*INSTRUCTIONS FOR THE TASK:*
Your job is to print, exactly, the lines in the data below from the line with "Do Nail Strengtheners" through the line with "Selective focus of", both included, and to omit any picture.

*RECORDS SUPPLIED:*
──────
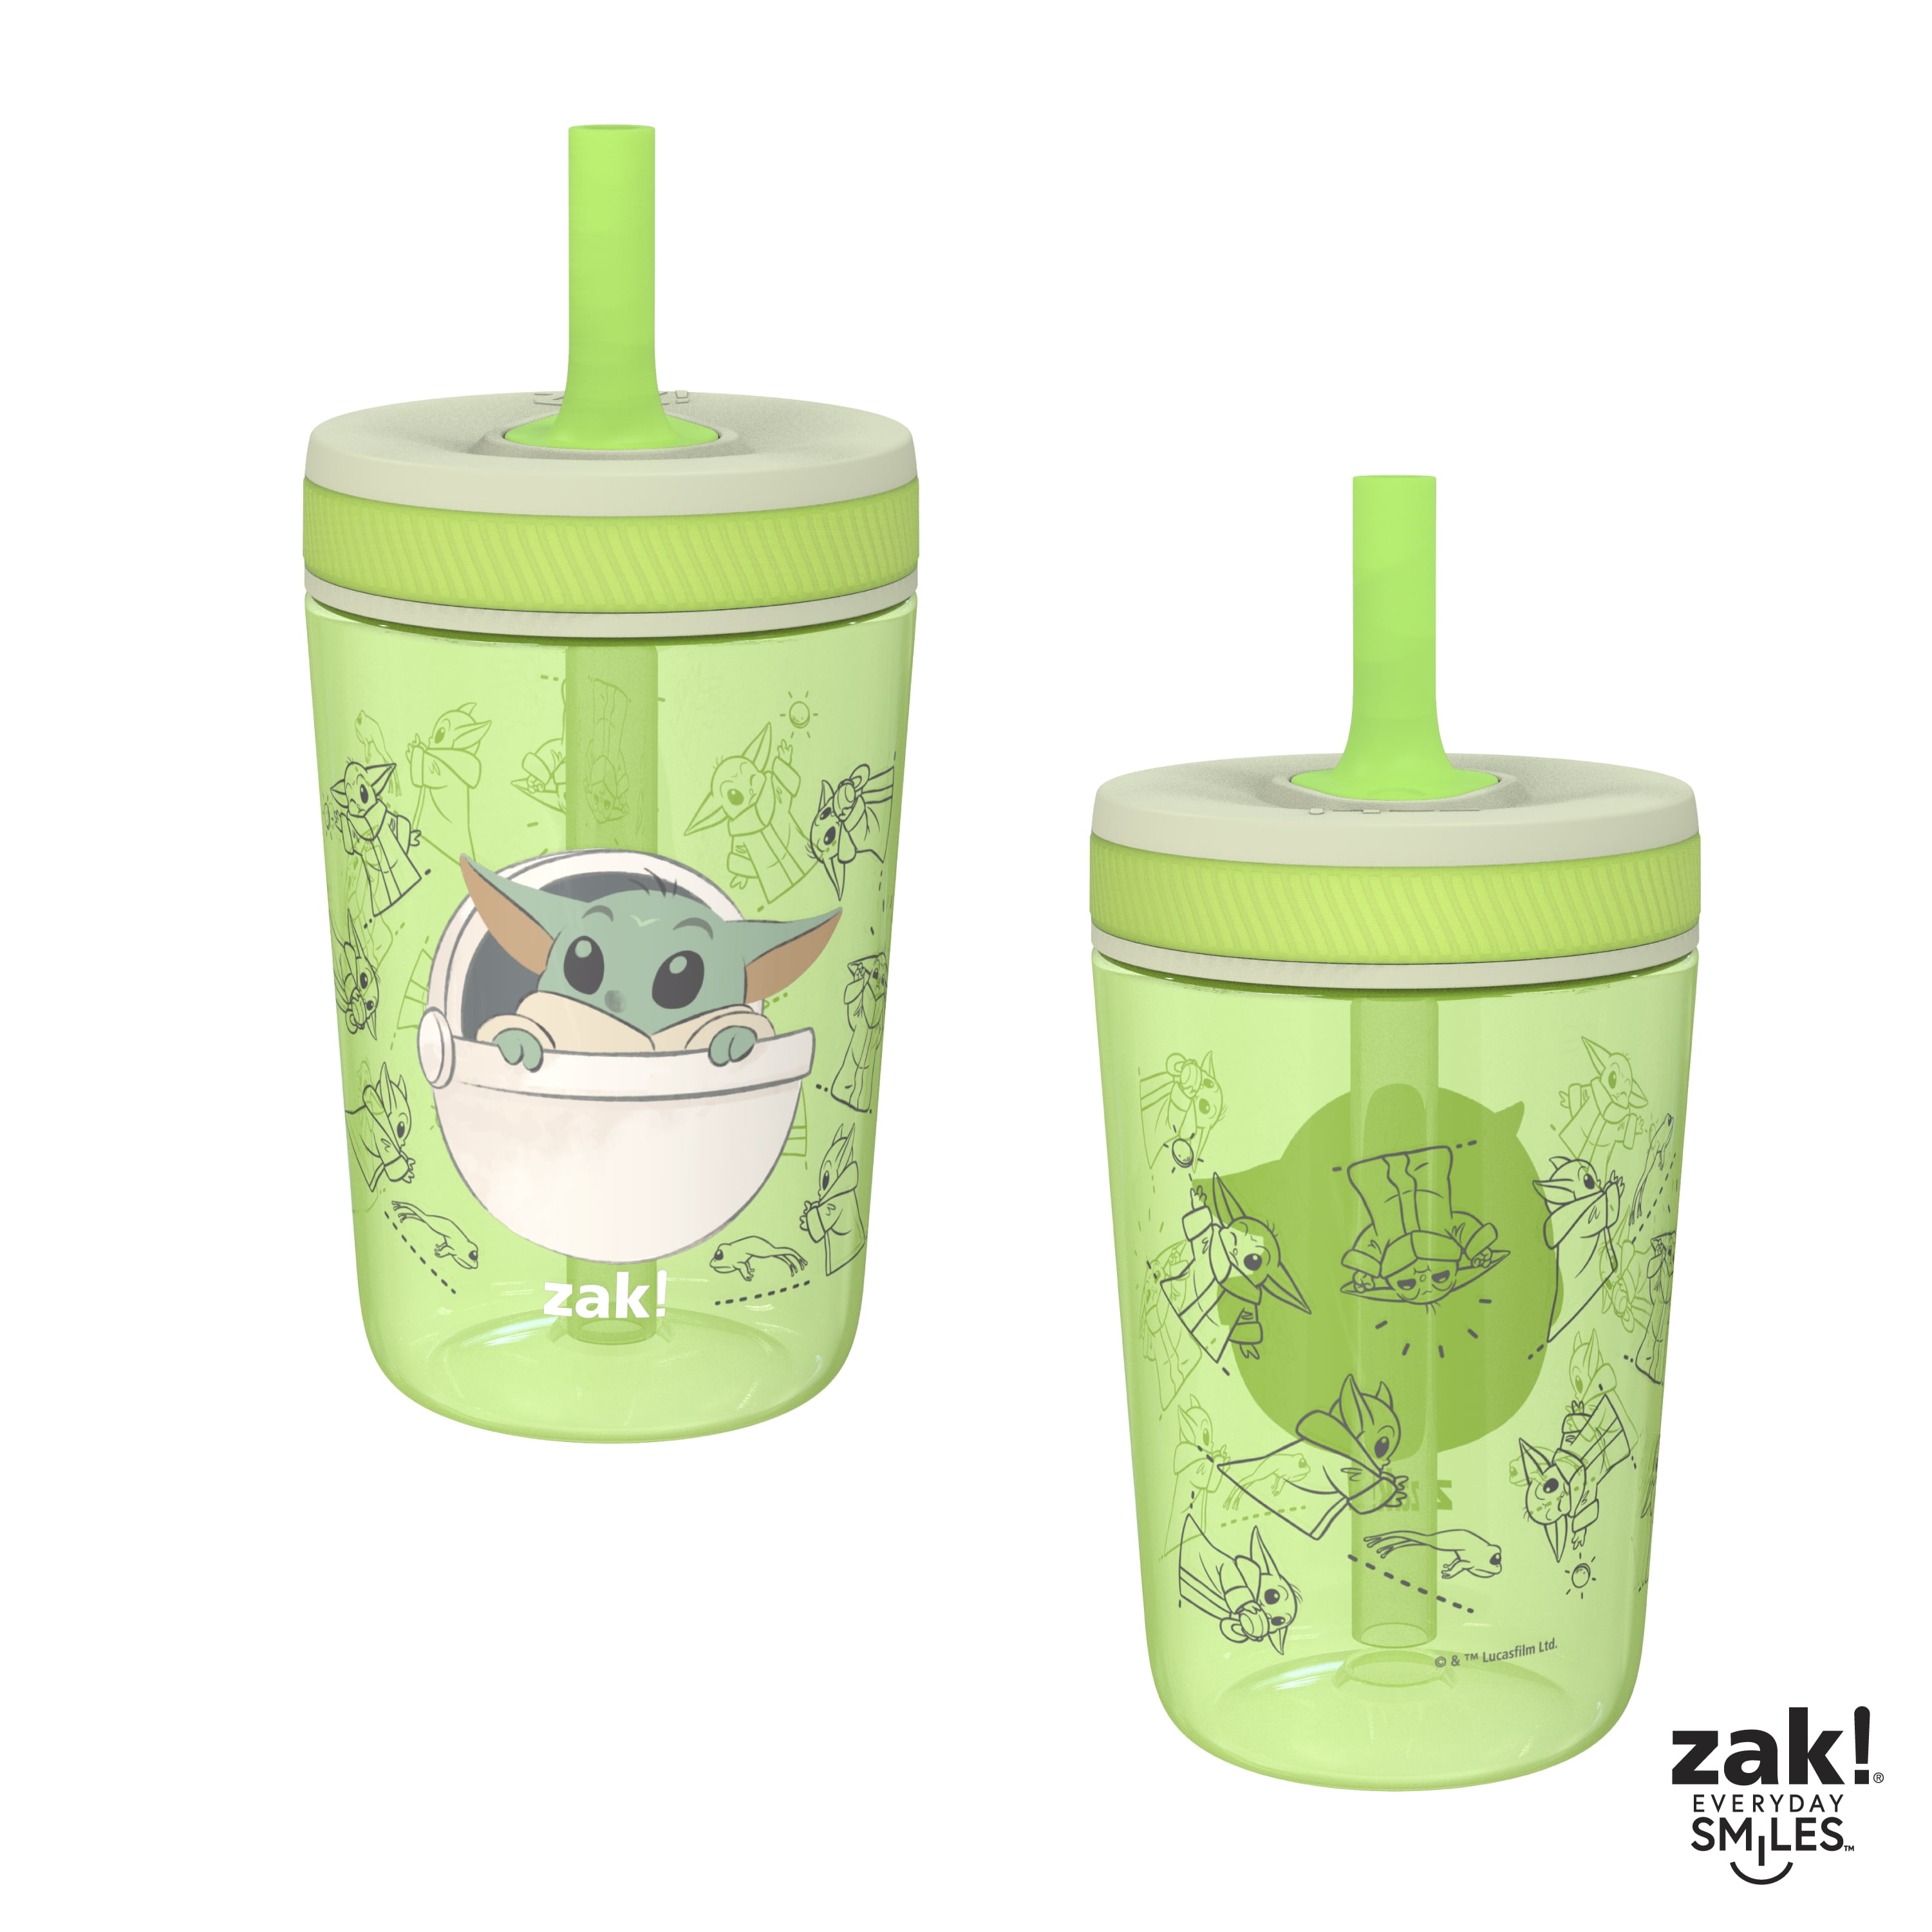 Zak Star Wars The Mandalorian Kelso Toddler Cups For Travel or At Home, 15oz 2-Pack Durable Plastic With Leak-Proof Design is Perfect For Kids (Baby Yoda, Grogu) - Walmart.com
──────
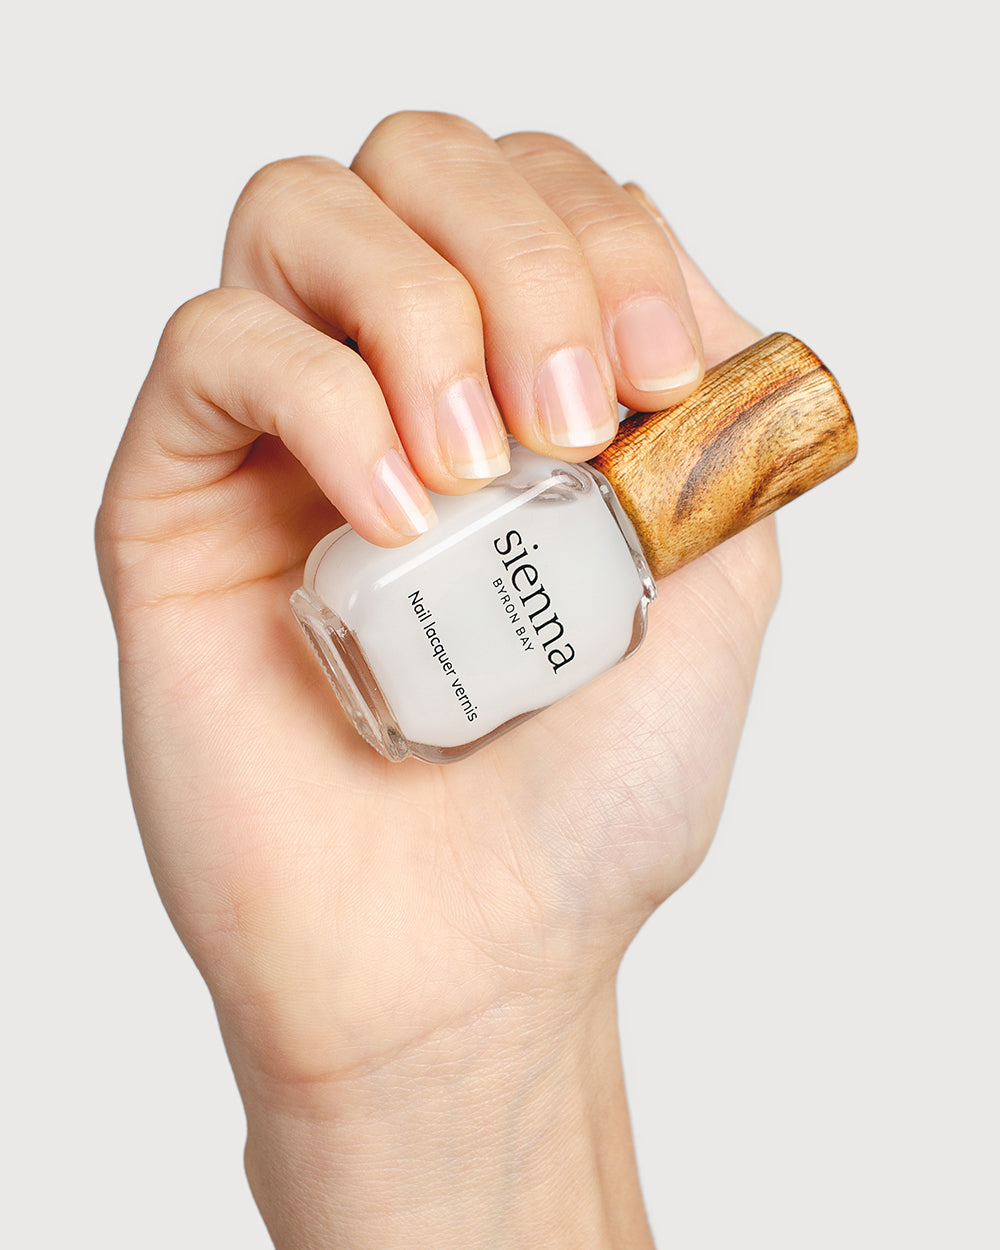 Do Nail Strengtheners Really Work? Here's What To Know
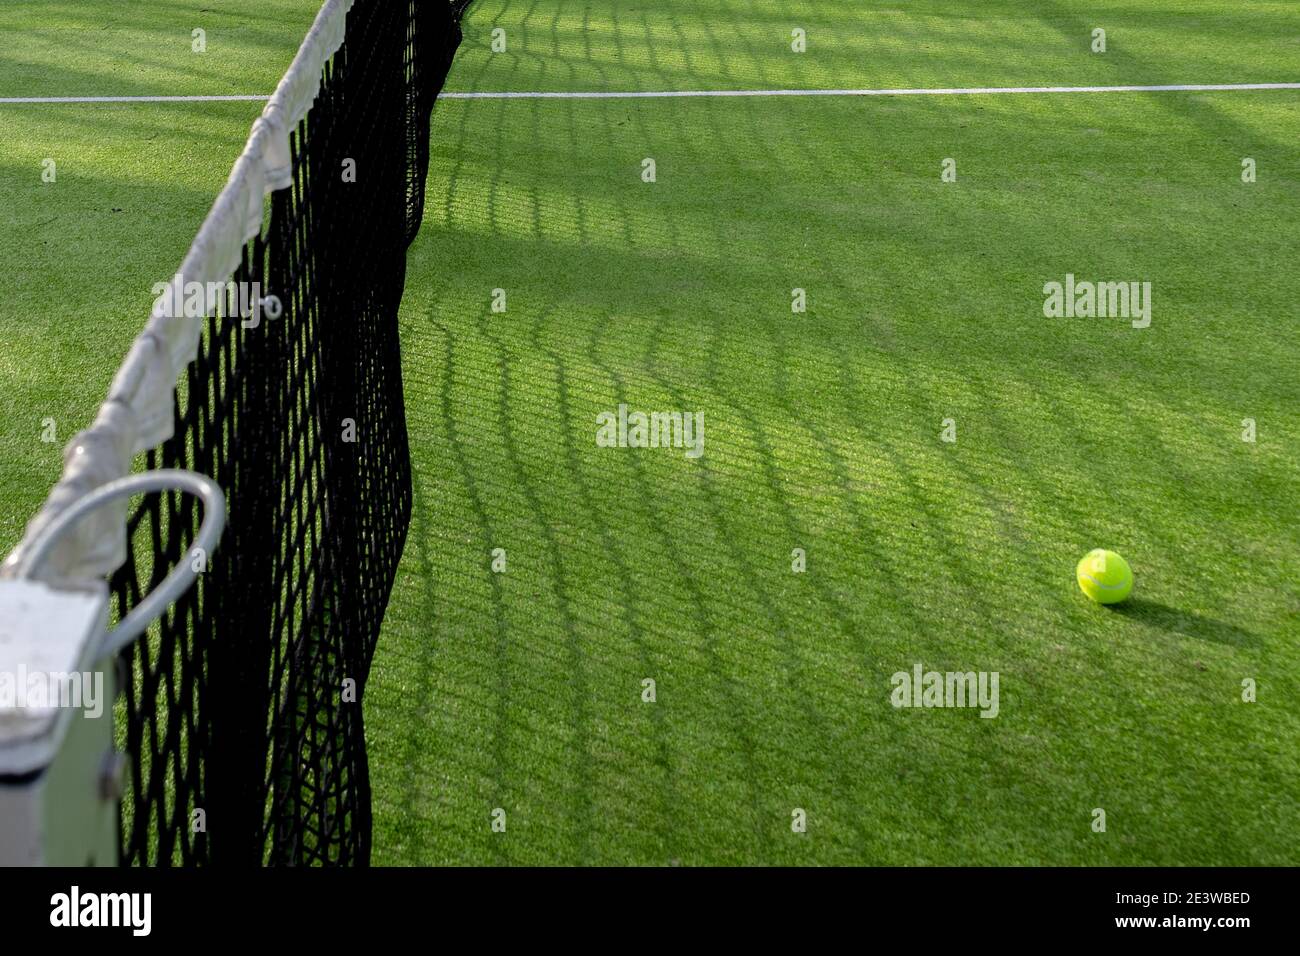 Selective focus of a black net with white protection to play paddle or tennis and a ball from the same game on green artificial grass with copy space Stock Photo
──────
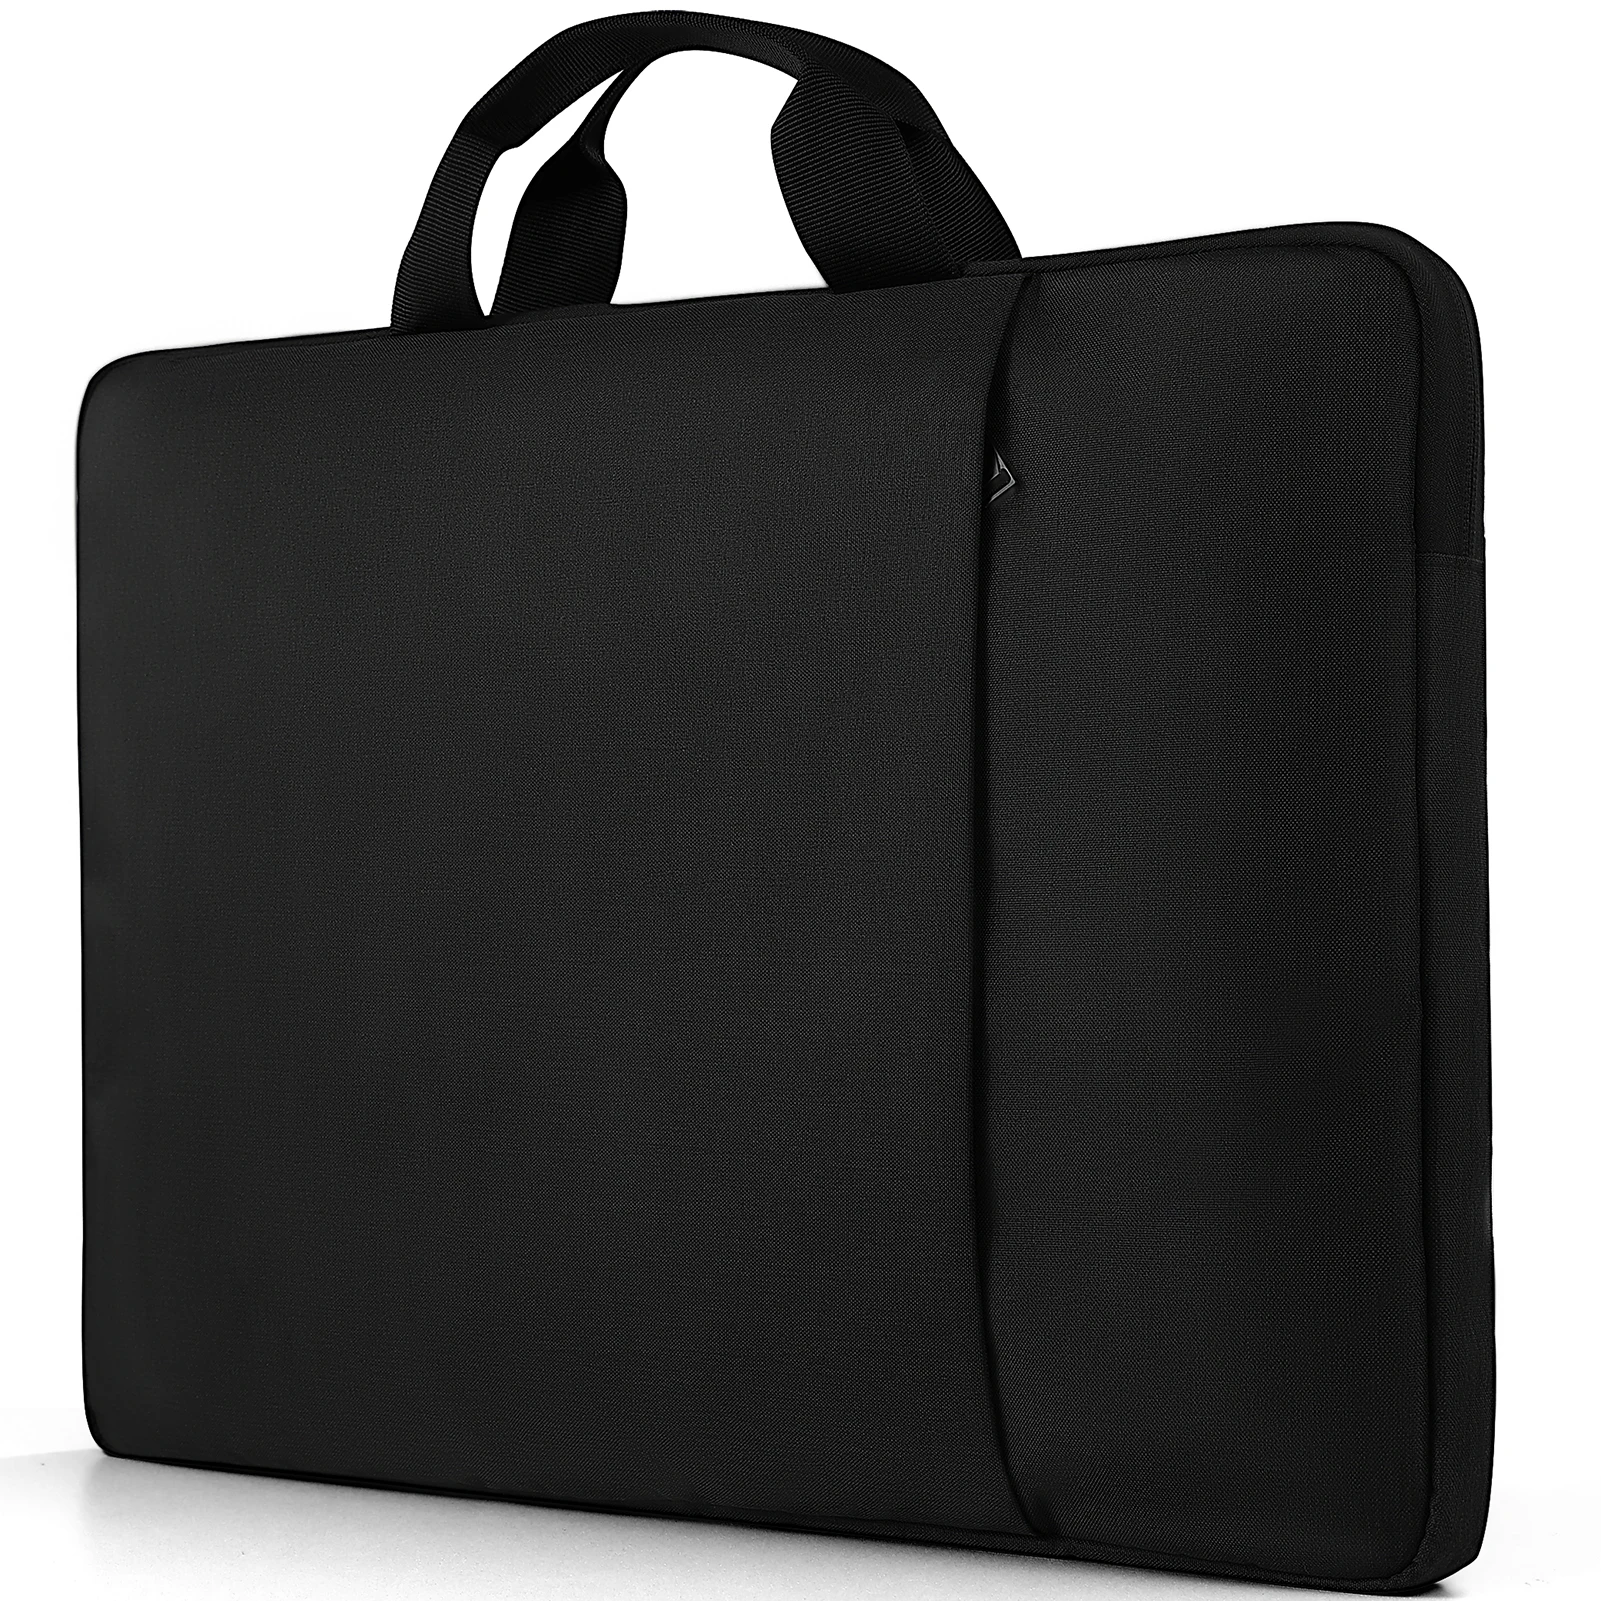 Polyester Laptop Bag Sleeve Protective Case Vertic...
──────
*OUTPUT OF THE TASK:*
 Do Nail Strengtheners Really Work? Here's What To Know
 Selective focus of a black net with white protection to play paddle or tennis and a ball from the same game on green artificial grass with copy space Stock Photo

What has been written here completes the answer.